Pelo fato de seu coração estar preparado para esperar no Senhor, seu coração está confirmado e não será abalado eternamente até que despreze seus inimigos.

No primeiro grau realizam-se os desposórios, no segundo as núpcias, no terceiro a cópula, no quarto o puerpério. No primeiro grau é dito à amada:

"Desposar-me-ei contigo para sempre e me desposarei contigo em justiça, em juízo e em misericórdia, e em miserações, e desposar-me-ei contigo na fé".

Os. 2, 19-20

No segundo grau realizam-se as núpcias em Caná de Galiléia, e lhe é dito:

"Sou vosso esposo... ... e não cessareis de andar após de mim".

Jer. 3, 14-19

Do terceiro grau se diz:

"O que está unido ao Senhor, é um só espírito com Ele".

I Cor 6, 17

Do quarto se diz:

"Nós concebemos, e como que estivemos com dores de parto, e o que demos à luz foi vento".

Is. 26, 18

No primeiro grau, portanto, a amada é visitada com freqüência; no segundo é conduzida; no terceiro une-se ao amado; no quarto é fecundada.

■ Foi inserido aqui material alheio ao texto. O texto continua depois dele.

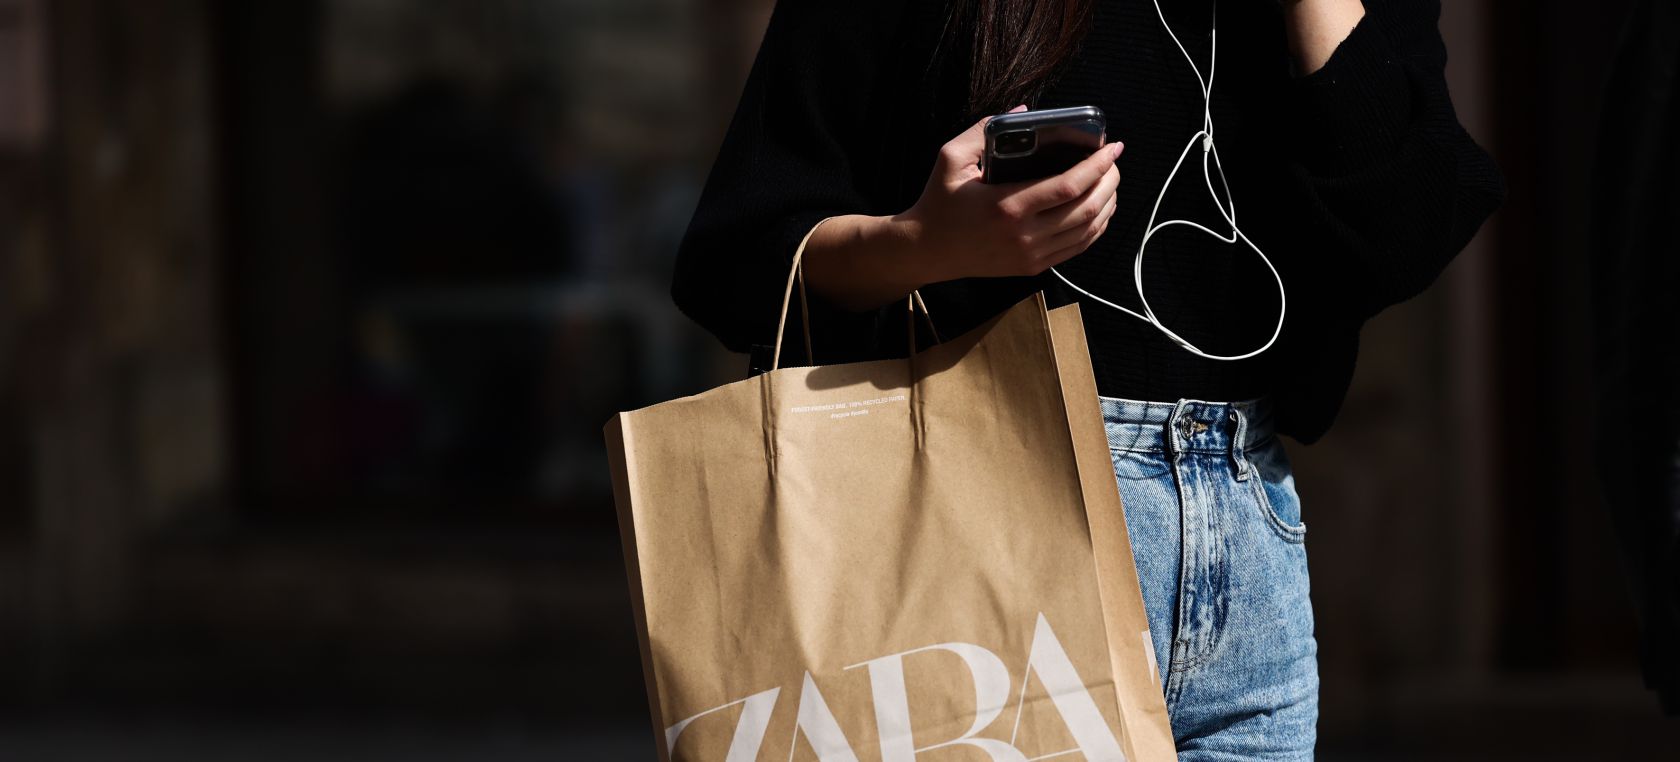 El producto que ha añadido Zara a su colección que no tiene nada que ver con la ropa

No primeiro grau, portanto, sempre na expectativa da volta do amado, clama e diz:

"Vem, amado meu, sê semelhante à cabra e ao filhote dos cervos sobre os montes de Beter".

Cant. 2, 17

No segundo é convidada para que venha, e lhe é dito:

"Vem do Líbano, esposa minha, vem do Líbano, e serás coroada".

Cant. 4, 8

No terceiro grau, unida ao amado, prostra-se e diz:

"A sua esquerda está debaixo da minha cabeça, e a sua direita abraça-me".

Cant. 8, 3

No quarto grau gloria-se de sua fecundidade, e diz:

"Meus filhinhos, por quem eu sinto de novo as dores de parto, até que Jesus Cristo se forme em vós".

Gal. 4, 19

De onde que se lhe diz:

"Teus dois seios são como dois filhotes de cabras que pastam entre os lírios".